When Nvidia offered to acquire Arm, I was very uneasy about the potential monopoly. So I started doing what any sane person would do : get CUDA removed from the leading AI framework.

Let’s talk about the reasons behind these mentioned by Patel.

PyTorch becomes the winner of AI development framework and will support more GPUs

Let’s first briefly talk about the glorious story of CUDA in the past.
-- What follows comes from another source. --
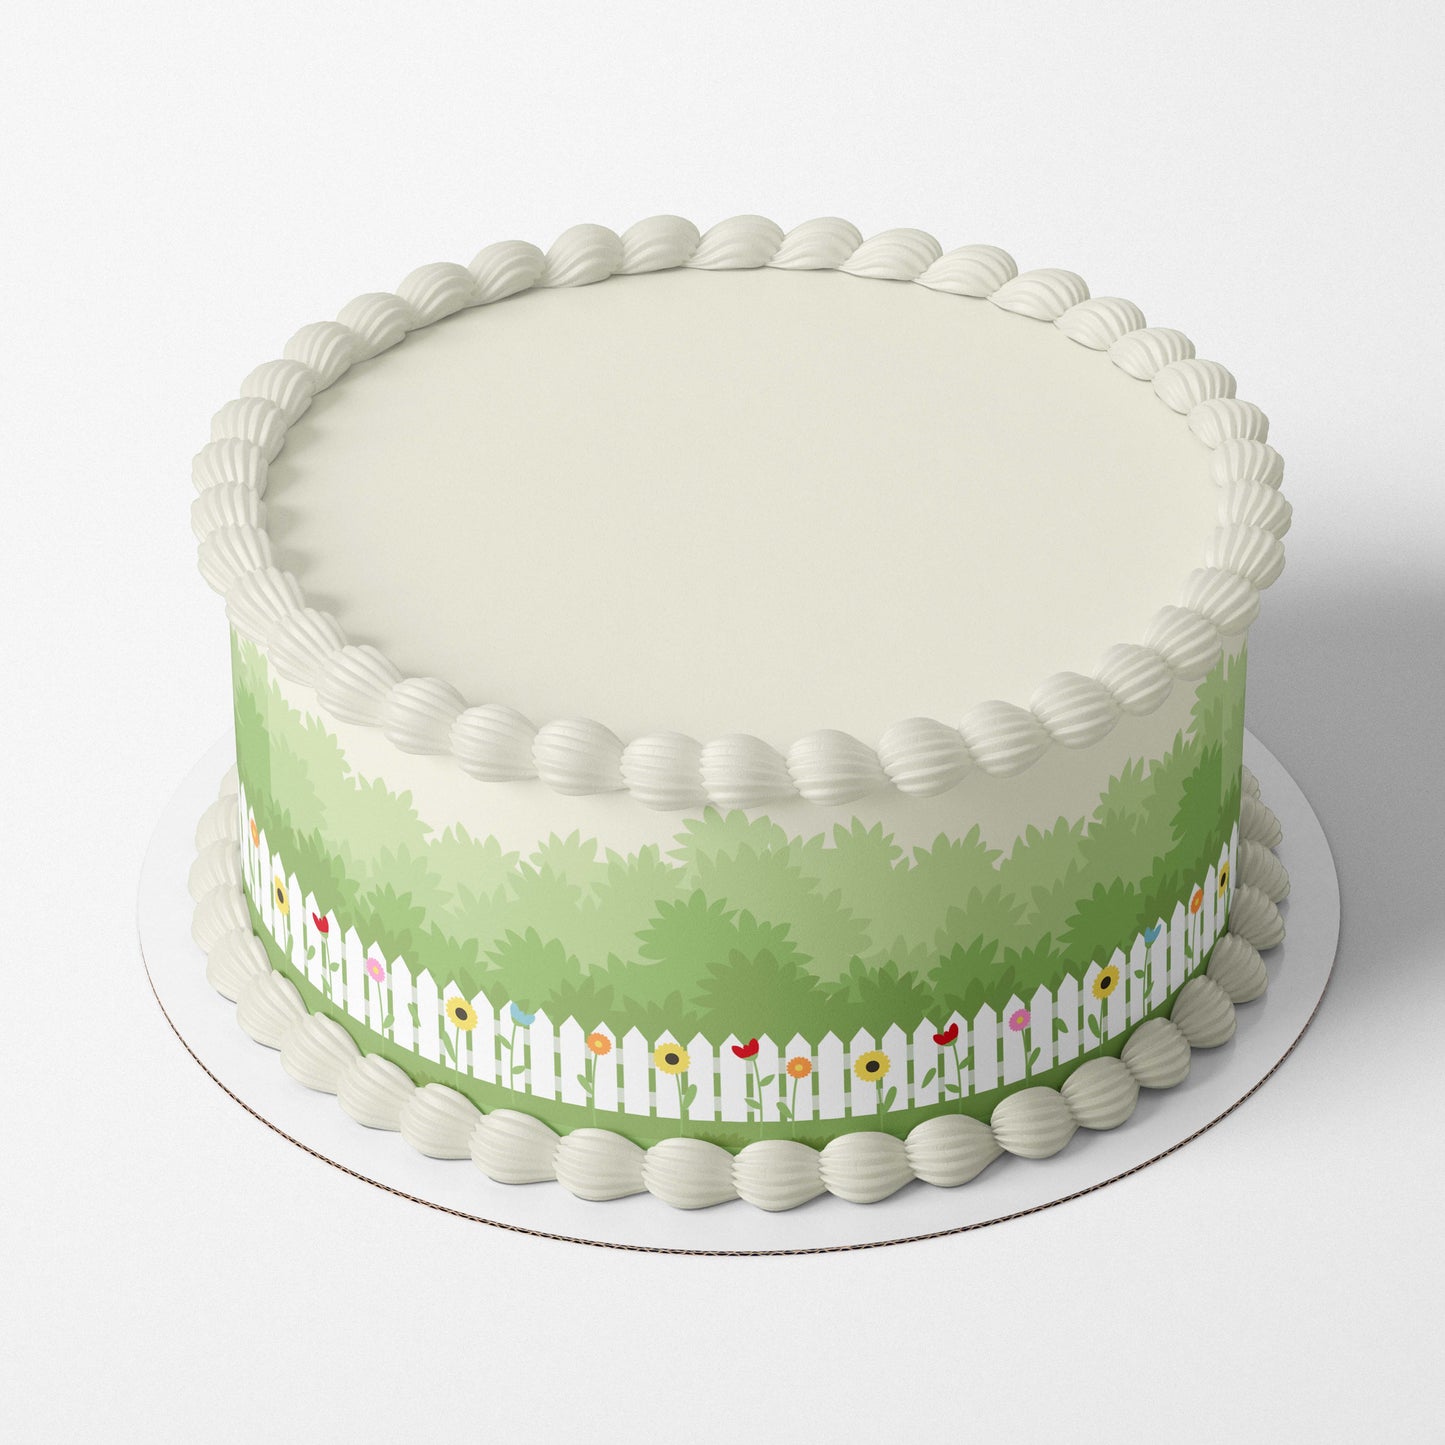 Flower Garden - Edible Icing Cake Wrap. Add this beautiful flower garden print with a white picket fence on cakes or any sweet treats. Perfect for a fairy garden or gardening theme party.
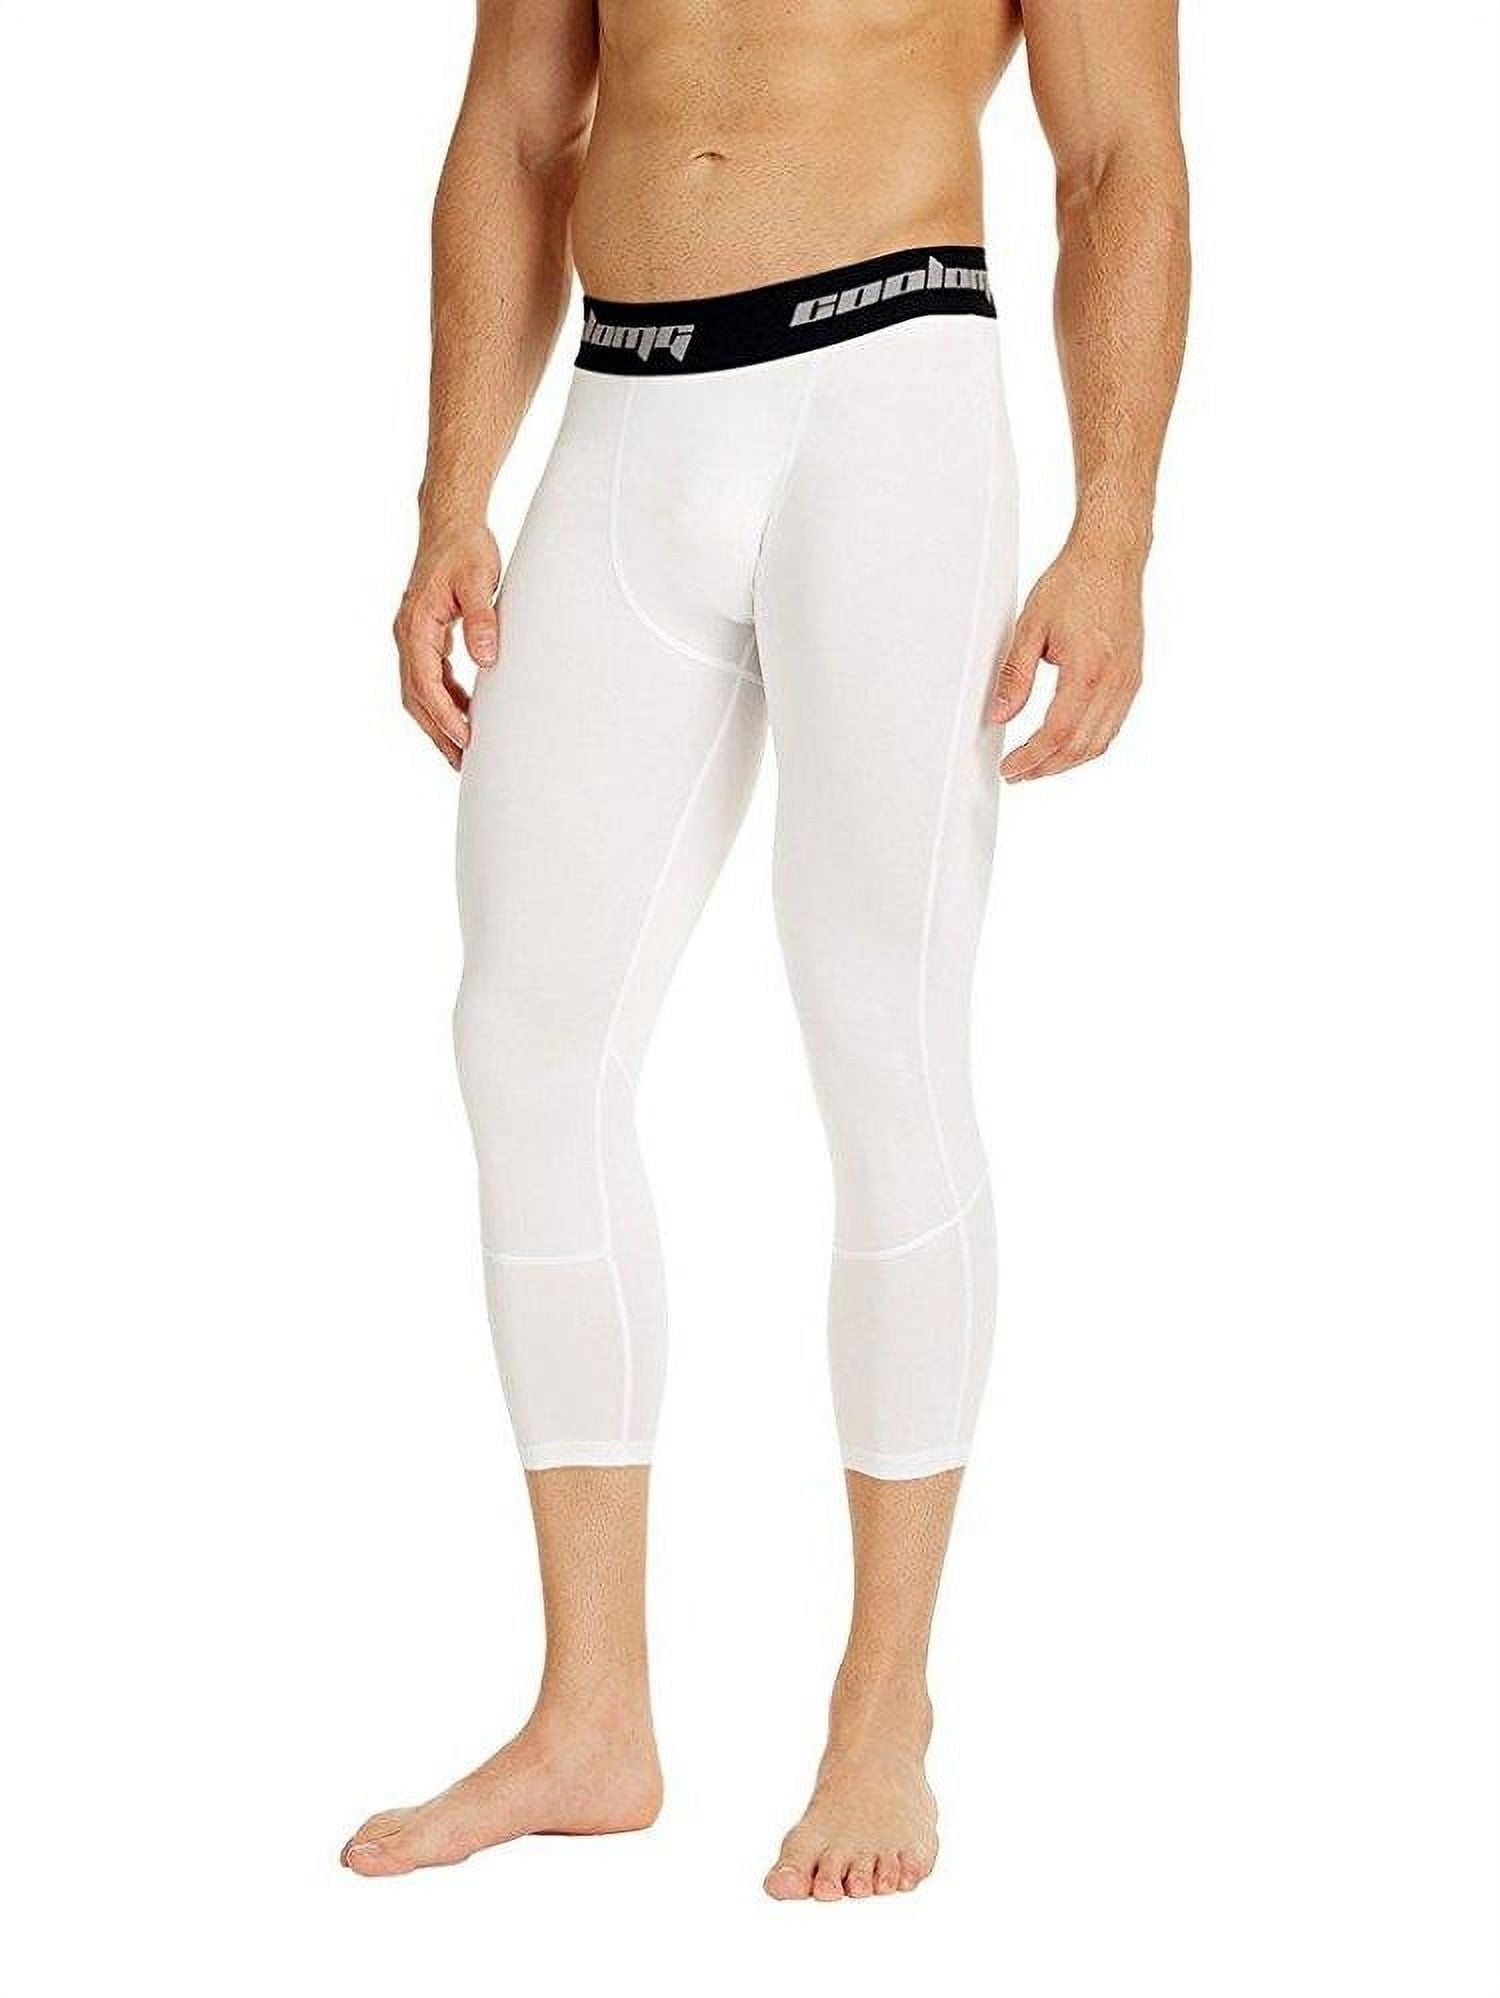 Boys Basketball Compression Pants with Knee Pads 3/4 Capri Padded Sport  Tights Athletic Workout Leggings - Walmart.com

CUDA is a parallel computing framework launched by NVIDIA.

CUDA is a turning point in history for NVIDIA. Its emergence has allowed NVIDIA to take off rapidly in the field of AI chips.

Before CUDA, NVIDIA's GPU was just a "graphics processing unit" responsible for drawing images on the screen.

CUDA can not only call GPU calculations, but also call GPU hardware acceleration , giving the GPU the ability to solve complex computing problems and helping customers program the processor for different tasks.

In addition to common PCs, many popular devices such as unmanned vehicles, robots, supercomputers, and VR helmets have GPUs. For a long time, only NVIDIA's GPUs can quickly handle various complex AI tasks .

So why did CUDA, which was so famous, lose its status later on?

This has to start with the debate over AI development frameworks, especially PyTorch VS TensorFlow .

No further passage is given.